Or: if I want to find all users with a specific last_login value, will document size affect that sort of query?
One way to rephrase the question is to say, does a 1 million document query take longer if documents are 16mb vs 16kb each.
Correct me if I'm wrong, from my own experience, the smaller the document size, the faster the query.
I've done queries on 500k documents vs 25k documents and the 25k query was noticeably faster - ranging anywhere from a few milliseconds to 1-3 seconds faster. On production the time difference is about 2x-10x more.
The one aspect where document size comes into play is in query sorting, in which case, document size will affect whether the query itself will run or not. I've reached this limit numerous times trying to sort as little as 2k documents.
More references with some solutions here:
https://docs.mongodb.org/manual/reference/limits/#operations
https://docs.mongodb.org/manual/reference/operator/aggregation/sort/#sort-memory-limit
At the end of the day, its the end user that suffers.

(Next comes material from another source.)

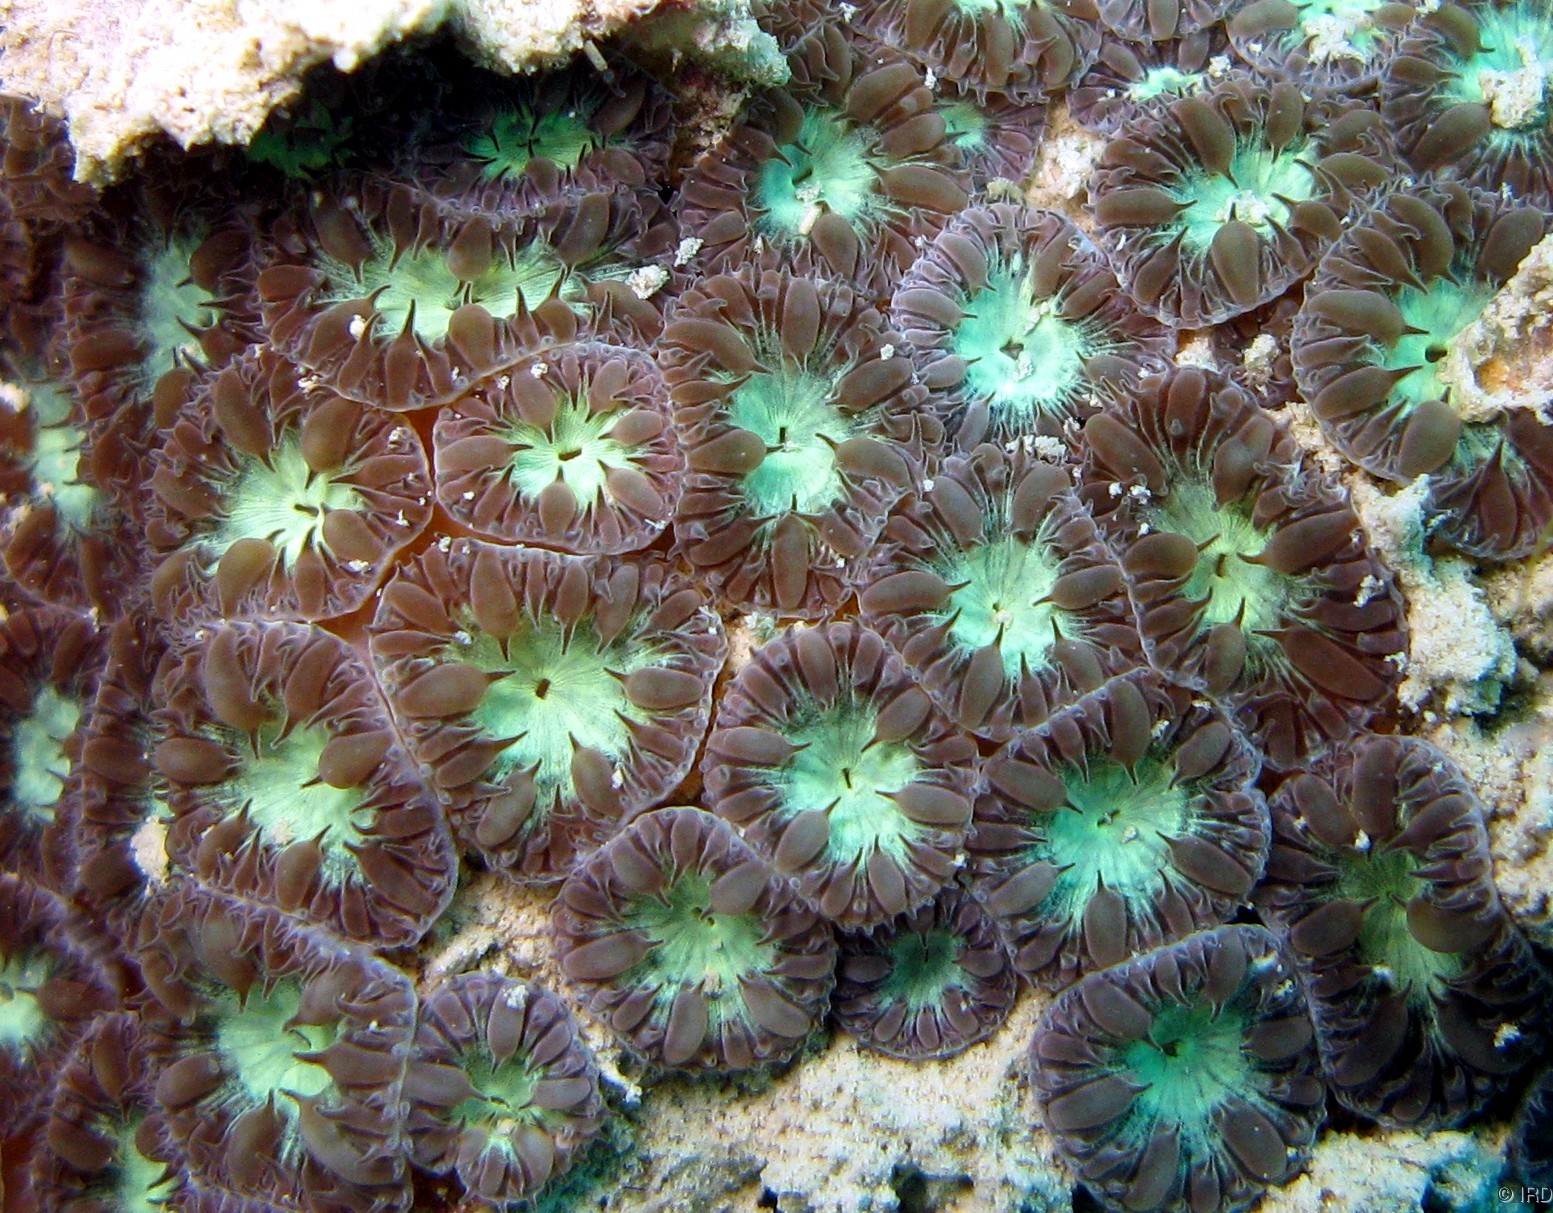 Blastomussa merleti - Close up of a colony in situ - HS0235

When I attempt to remedy large queries causing unacceptably slow performance. I usually find myself creating a new collection with a subset of data, and using a lot of query conditions along with a sort and a limit.
Hope this helps!
First of all you should spend a little time reading up on how MongoDB stores documents with reference to padding factors and powerof2sizes allocation:
http://docs.mongodb.org/manual/core/storage/
http://docs.mongodb.org/manual/reference/command/collStats/#collStats.paddingFactor
Put simply MongoDB tries to allocate some additional space when storing your original document to allow for growth. Powerof2sizes allocation became the default approach in version 2.6, where it will grow the document size in powers of 2.
Overall, performance will be much better if all updates fit within the original size allocation. The reason is that if they don't, the entire document needs to be moved someplace else with enough space, causing more reads and writes and in effect fragmenting your storage.
If your documents are really going to grow in size by a factor of 10X to 20X overtime that could mean multiple moves per document, which depending on your insert, update and read frequency could cause issues. If that is the case there are a couple of approaches you can consider:
1) Allocate enough space on initial insertion to cover most (let's say 90%) of normal documents lifetime growth. While this will be inefficient in space usage at the beginning, efficiency will increase with time as the documents grow without any performance reduction. In effect you will pay ahead of time for storage that you will eventually use later to get good performance over time.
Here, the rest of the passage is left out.